Perhaps key here is the use of the word “unfortunately” which signifies their view that the current Mayo/Alice framework is not a good one. The Justices go on to state “Moreover, the claims here are not abstract. There is nothing abstract about performing actual physical steps on a physical material”. 

Circuit Judge DYK restated the courrent test for patent ineligibility under the Mayo decision. First, we determine whether the claims at issue are directed to a patent ineligible conecpt. Second, one looks to determine whether the method amounts to a general instruction to apply routine, conventional techniques. This two step test was confirmed in Alice Corp to distinguishing patents that claims laws of nature, natural phenomena, and abstract ideas from those that claim patent eligible applications of those concepts. First, we determine whether the claims at issue are directed to one of those patent ineligible concepts and if so, we then ask, what else is there in the claims? The process is described as a two step analysis as a search for an inventive concept –an element or combination of elements that is sufficient to ensure that the patent in practice aomunts to significantly more than a patent upon the ineligible concept itself. Applying the test to Ariosa, DYK stated that the Court had no other alternative but to find the claims ineligible. For, the claims are generally directed to detecting the presence of a naturally occuring thing or a natural phenomenon, cffDNA in materanl plasma or serum. Second, the method amounted to a general instruction to apply routine, conventional techniques when seeking to detect cffDNA. 

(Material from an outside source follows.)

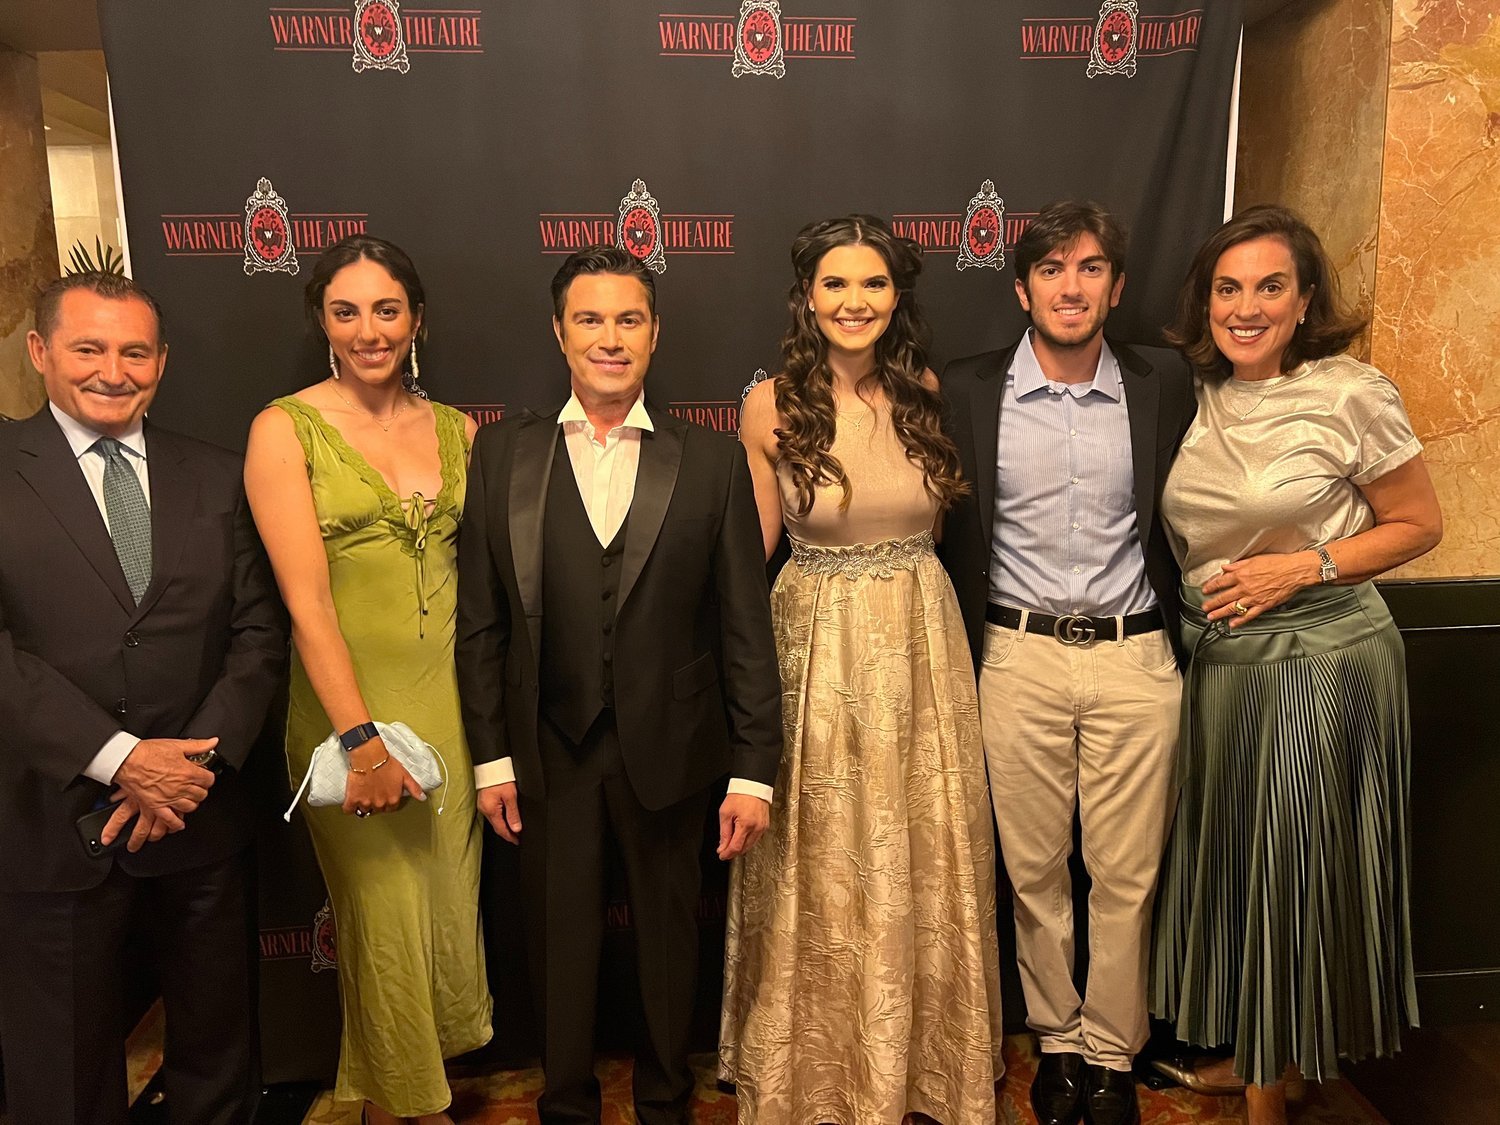  The Sakellaris Family poses with Mario Frangoulis and Theresa Carlomagno.

However, DYK noted that the Mayo/Alic fraemwork words well when the law of nature in question is well known and longstanding, as was the situation in Mayo. or in respect to abstract ideas such as claims to business methods and other processes that merely organize human activity asin Alice. But DYK stated that Mayo is problematic insofar as it concludes that inventive concept cannot come from discovering something new in nature (e.g., identificaiton of a previously unkown natural relationship or property). DYK stated that in his view, Mayo did not fully take into account the fact that an inventive concept can come not just from creative, unconventional applicaiton of a natural law, but also from the creativity and novelty of the discovery of the law itself. DYK further stated that the Mayo decision may not be entirely consistent with the Supreme Court’s decision in Myriad wehre the patent applicant discovered a previously unkown natural phenomenon: the sequences of the BRCA1 and BRCA2 genes and their connection with cancer. While the Court found ineligible Myraid’s claims to naturally occurring gDNA sequences, it suggested that new applications of knowledge about the BRCA1 and BRCA2 genes could generally be eligible with reference to claim 21 of the US Patent No. 5,753,441. Myriad thus appeared to recognize that an inventive concept can sometimes come from discovery of an unkown natural phenomenon, not just from unconventional application of a phenomenon. As Myriad emphasized, the first party with knowledge of a law of nature, natural phenomenon, or abstract idea should be in an excellent position to claim applications of that knowledge.

Finally, the dissenting opinion from Justic Newman points to a second possibility which may occur in the future with the Supreme Court –that in fact the claims to Ariosa Diagnostics are entirely consistent with the current framework of Mayo. Newman noted that Mayo recognized the principle that patent eligibility is not disabled when science is put to practical use, stating that “a new way of using an existing drug” is patent eligible. Similarly in Myriad Genetics, the Court stated that “this case does not involve patents on new applicaitons of knowledge about BRCA1 and BRCA2 genes” and further explained with respect to its holding “we merely hold that genes and the information they encode are not patent eligible under seciton 101 simply because they have been isolated from the surrounding genetic material”. Newman pointed out that in Ariosa, the inventors are not claiming the scientific fact of the discovery of paternal DNA in the blood of a pregnant woman; they are claiming the discovery and development of a new diagnostic method of using this information which all recognized as a “breakthrough”.